### TASK TO CARRY OUT
Note on the material below: return exactly the lines from the line that holds "Коврик для мыши Odin" through the line that holds "Presto Protective Underwear - 2XL", and leave out each picture.

### ENTRIES PROVIDED
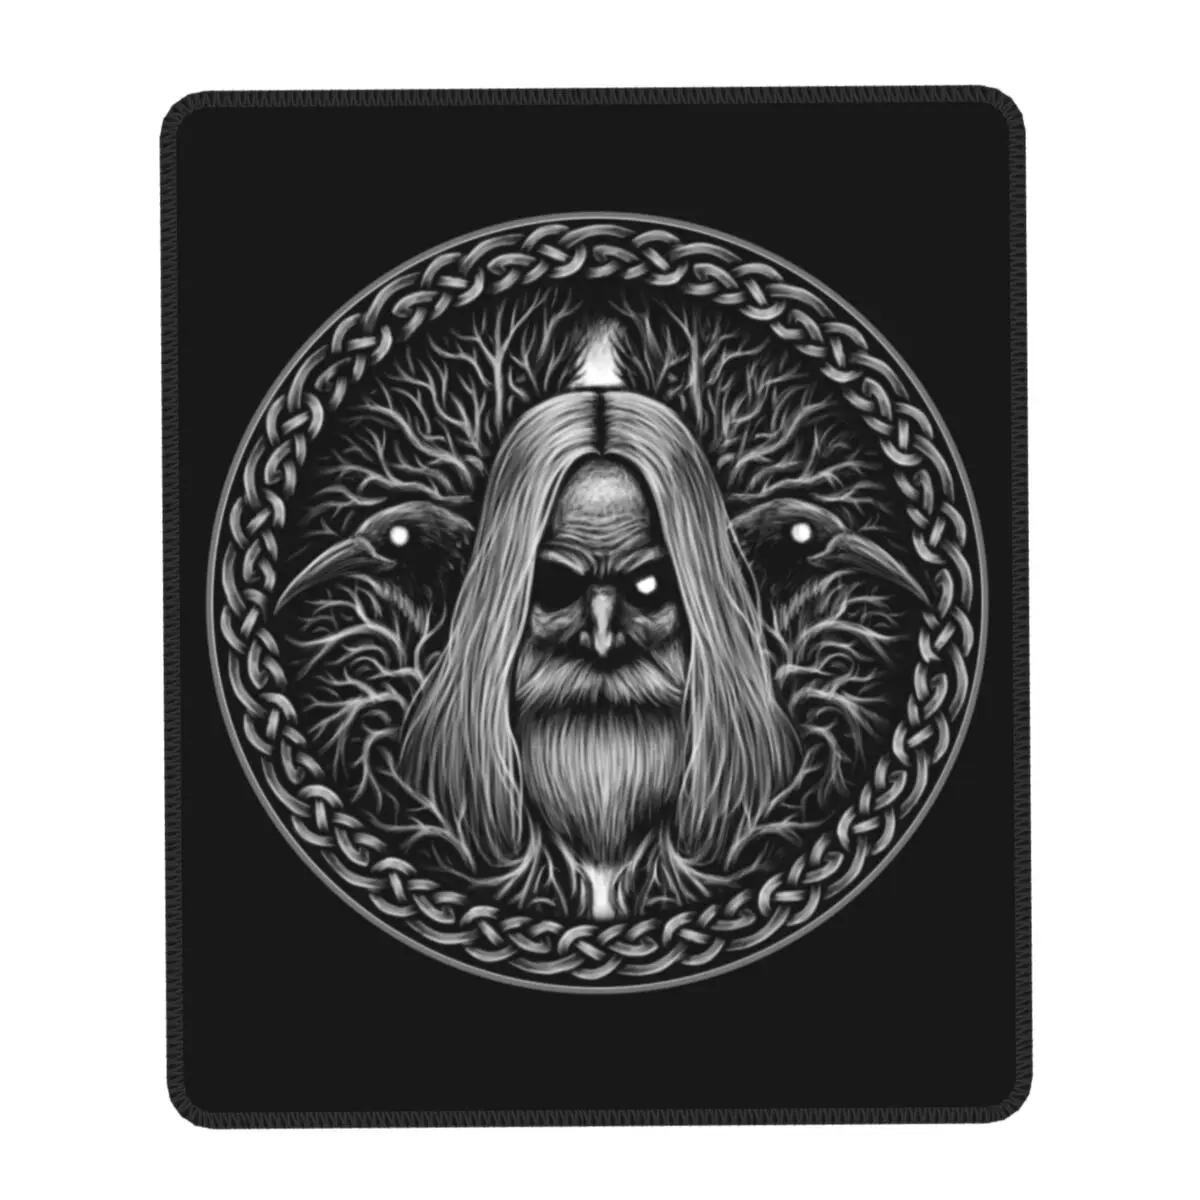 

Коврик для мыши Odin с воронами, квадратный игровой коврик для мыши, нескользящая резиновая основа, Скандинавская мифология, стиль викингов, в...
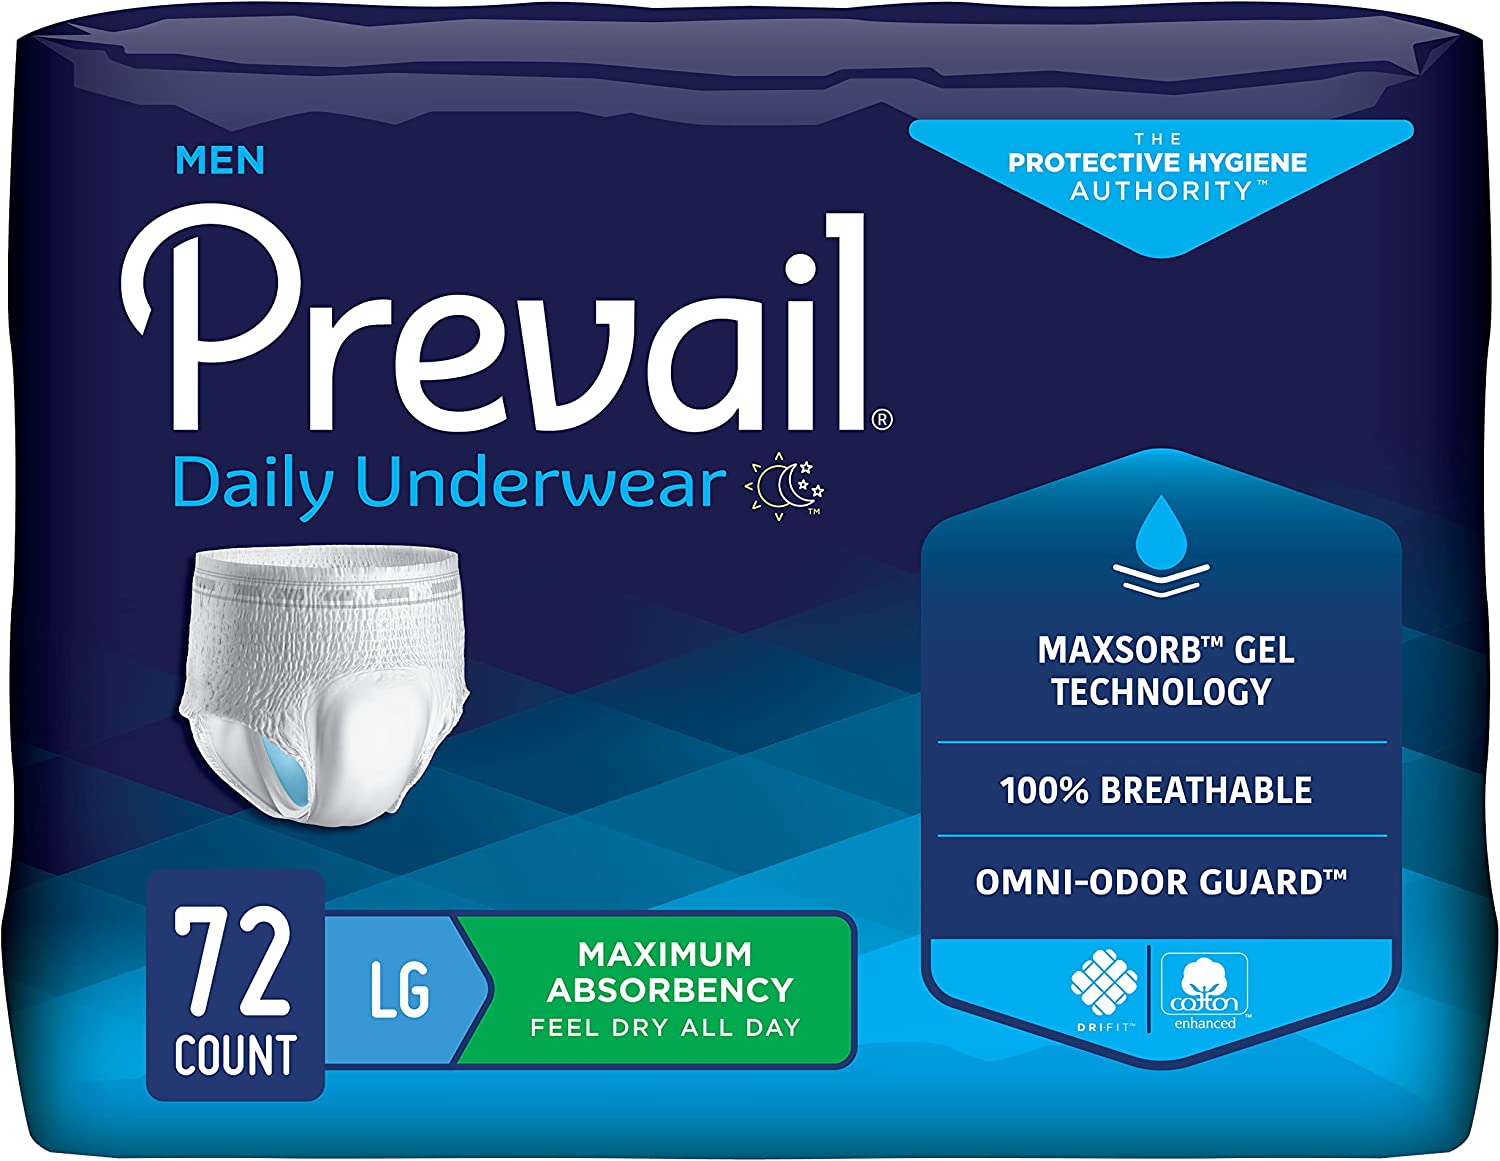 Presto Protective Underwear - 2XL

---

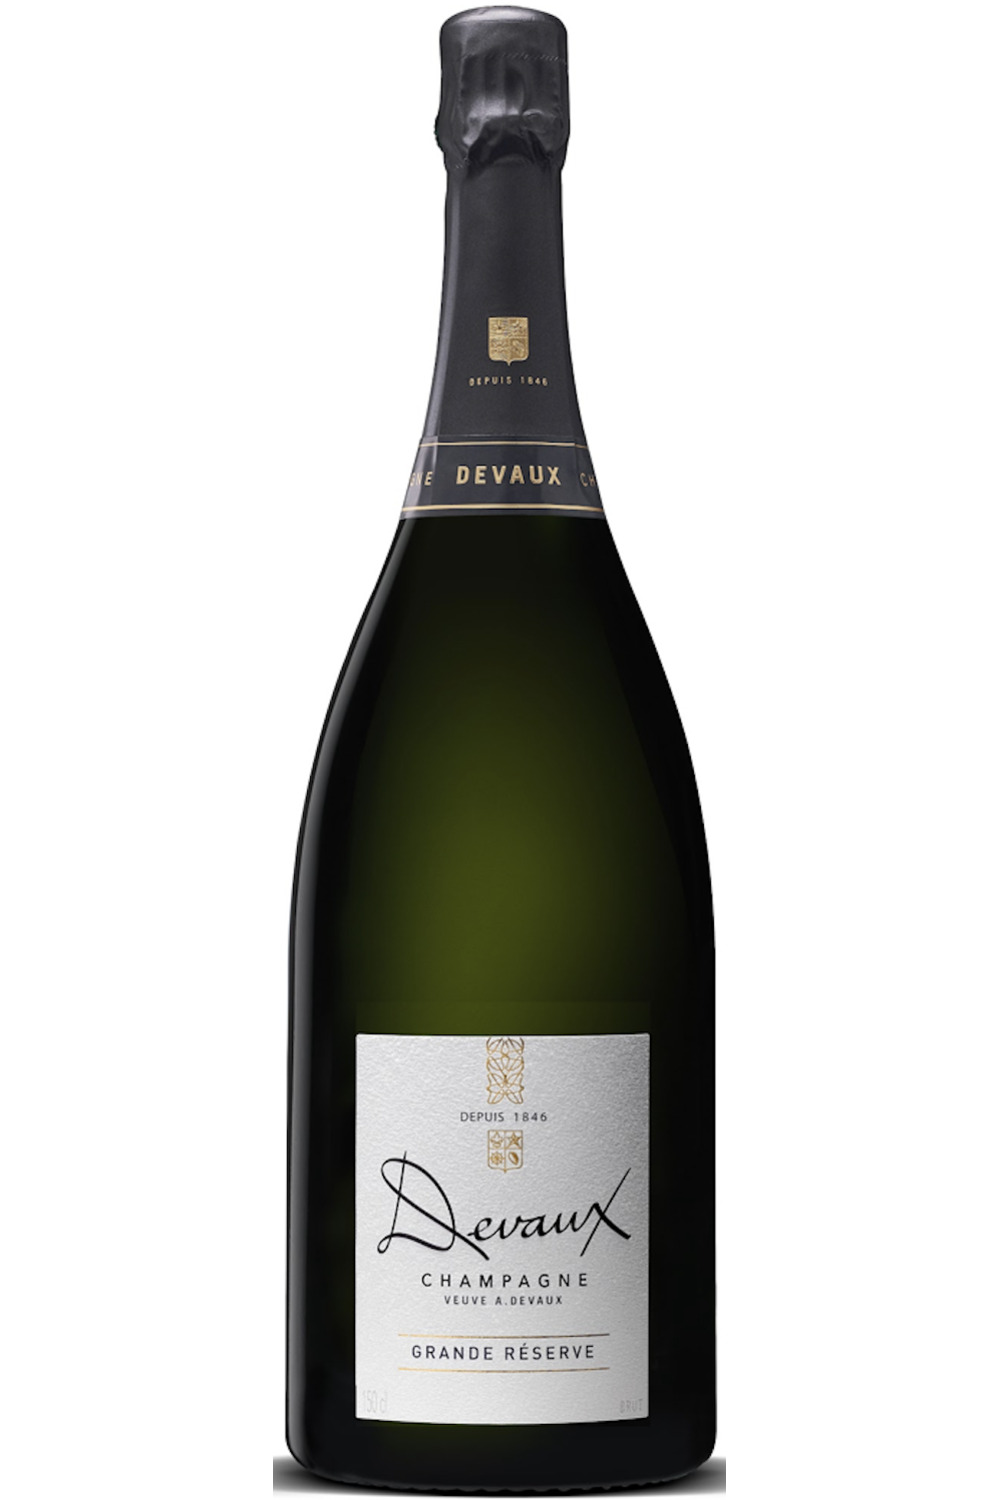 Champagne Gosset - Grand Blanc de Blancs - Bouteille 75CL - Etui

### RESPONSE BOX
Коврик для мыши Odin с воронами, квадратный игровой коврик для мыши, нескользящая резиновая основа, Скандинавская мифология, стиль викингов, в...
 Presto Protective Underwear - 2XL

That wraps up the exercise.